If the person you care for is travelling to or from an NHS hospital appointment, then they might also be eligible to claim the cost back through the Healthcare Travel Costs Scheme. Or if you need help getting the person you care for to other medical appointments such as the GP, dentist or optician, then you could look into whether your local area has a community transport scheme. These usually offer low-cost or free 'Dial-a-Ride' services giving you transport door-to-door if it’s too difficult to take a normal bus.

For anyone who is lucky enough to have never needed to find an accessible toilet, this can seem like a relatively minor issue. But for some carers, having access to one can be a deal-breaker for whether or not they are able to take their friend or relative out and about.

Recent research found that only one third of the UK’s 13,552 public toilets are accessible, and that there are massive regional variations. In Edinburgh, for example, 67% are wheelchair accessible, whereas in London only 37% are. [2] It is therefore a good idea to find which toilets are accessible in advance if possible. Take a look at The Great British Public Toilet Map to see where the nearest accessible toilets are to the place you are visiting.

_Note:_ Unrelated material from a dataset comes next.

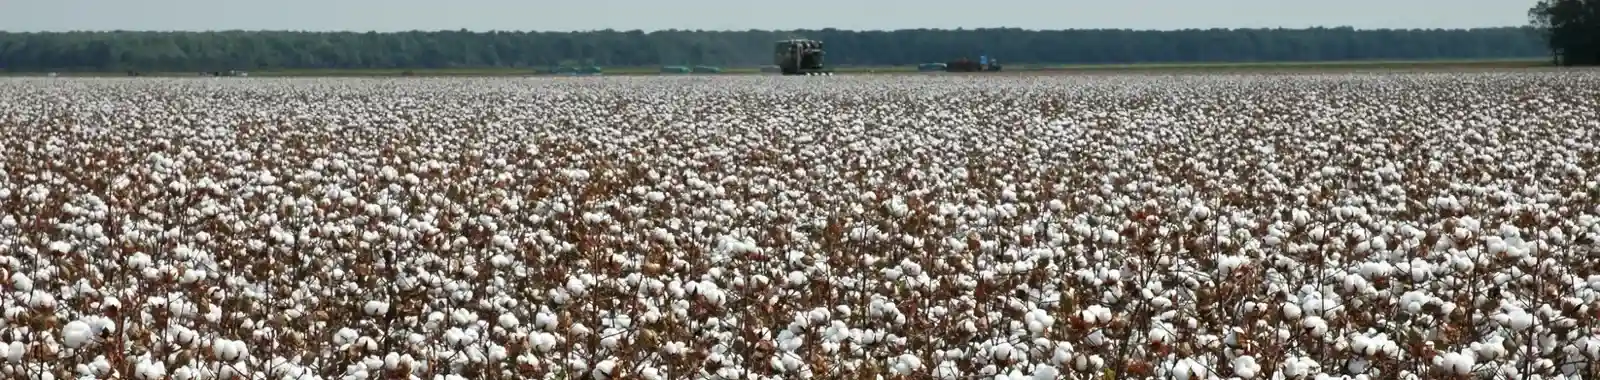 Plantação de algodão com horizonte ao fundo
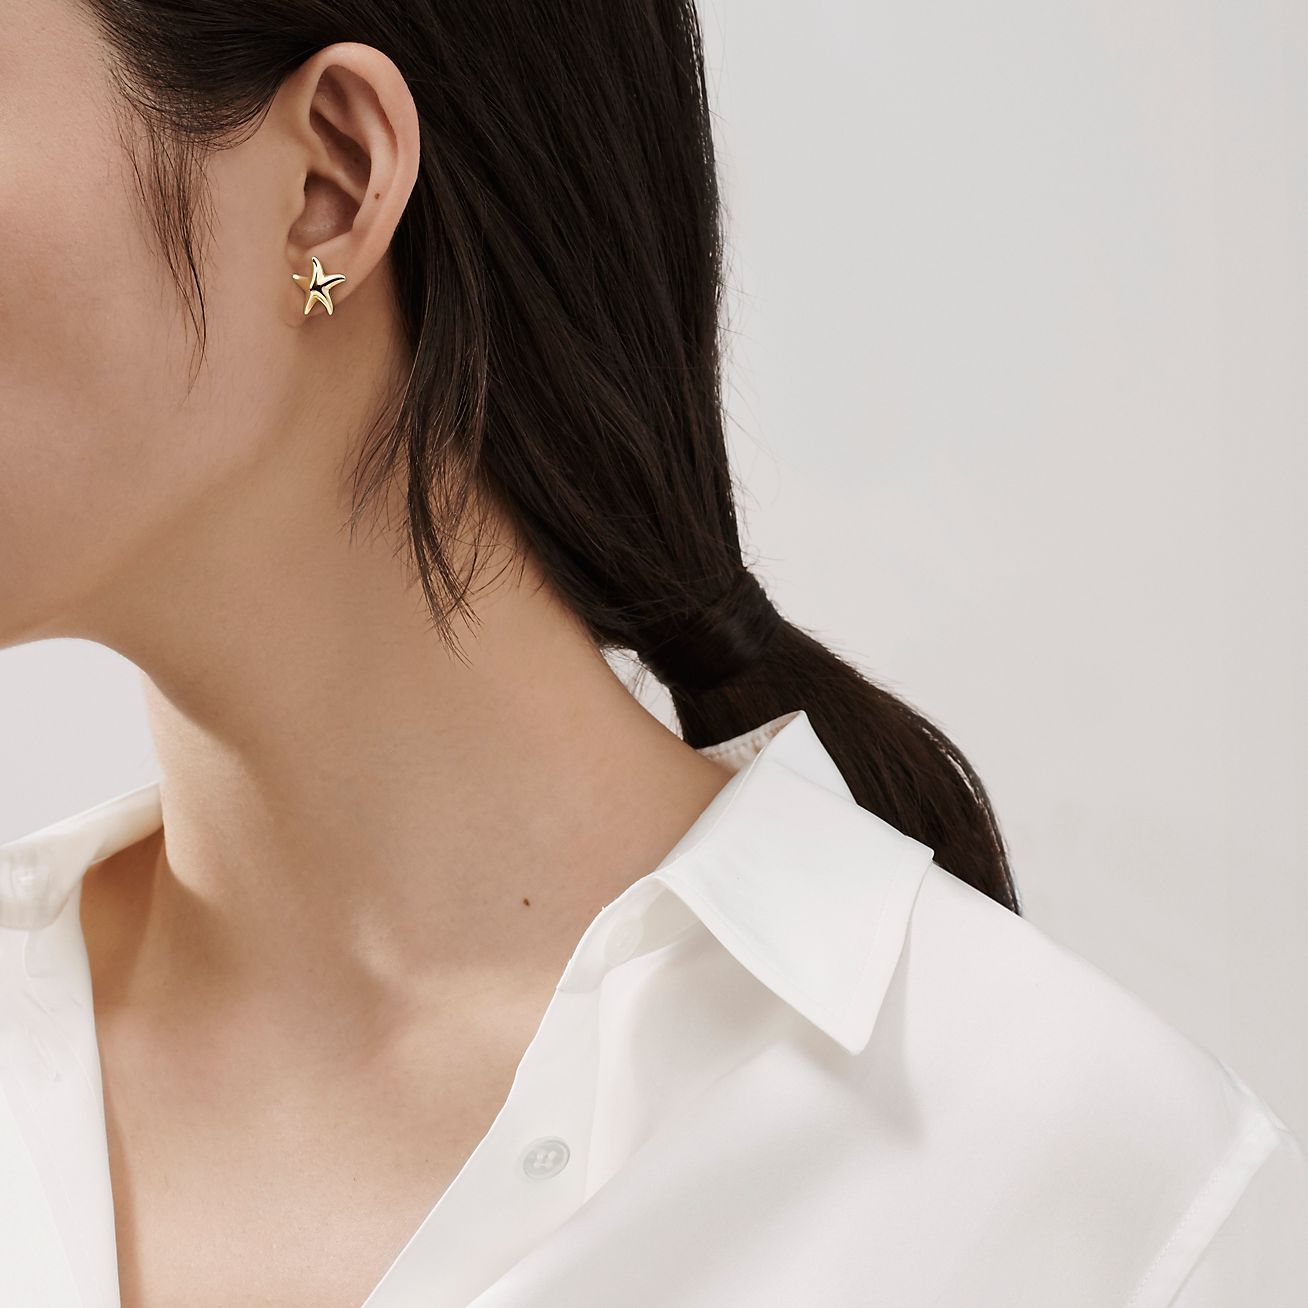 Elsa Peretti® Starfish earrings in 18k

You may also want to purchase a RADAR key in advance too. They cost around £5 and are available either from your local authority or online – look for the official N&C Phlexicare key. This will allow you to access one of the 9,000 accessible toilets that are part of the National Key Scheme (NKS), meaning they are locked to the general public and only able to be used by a person with a disability who has a key.

You may find that even toilets that are technically classed as accessible still do not have enough space or the right equipment for your friend or relative to use them. If this is the case for you, look out for what are known as 'Changing Places' toilets. They are much bigger than standard accessible toilets, have a height-adjustable changing bench, a hoist and a screen or curtain to allow the person you are helping to have some privacy.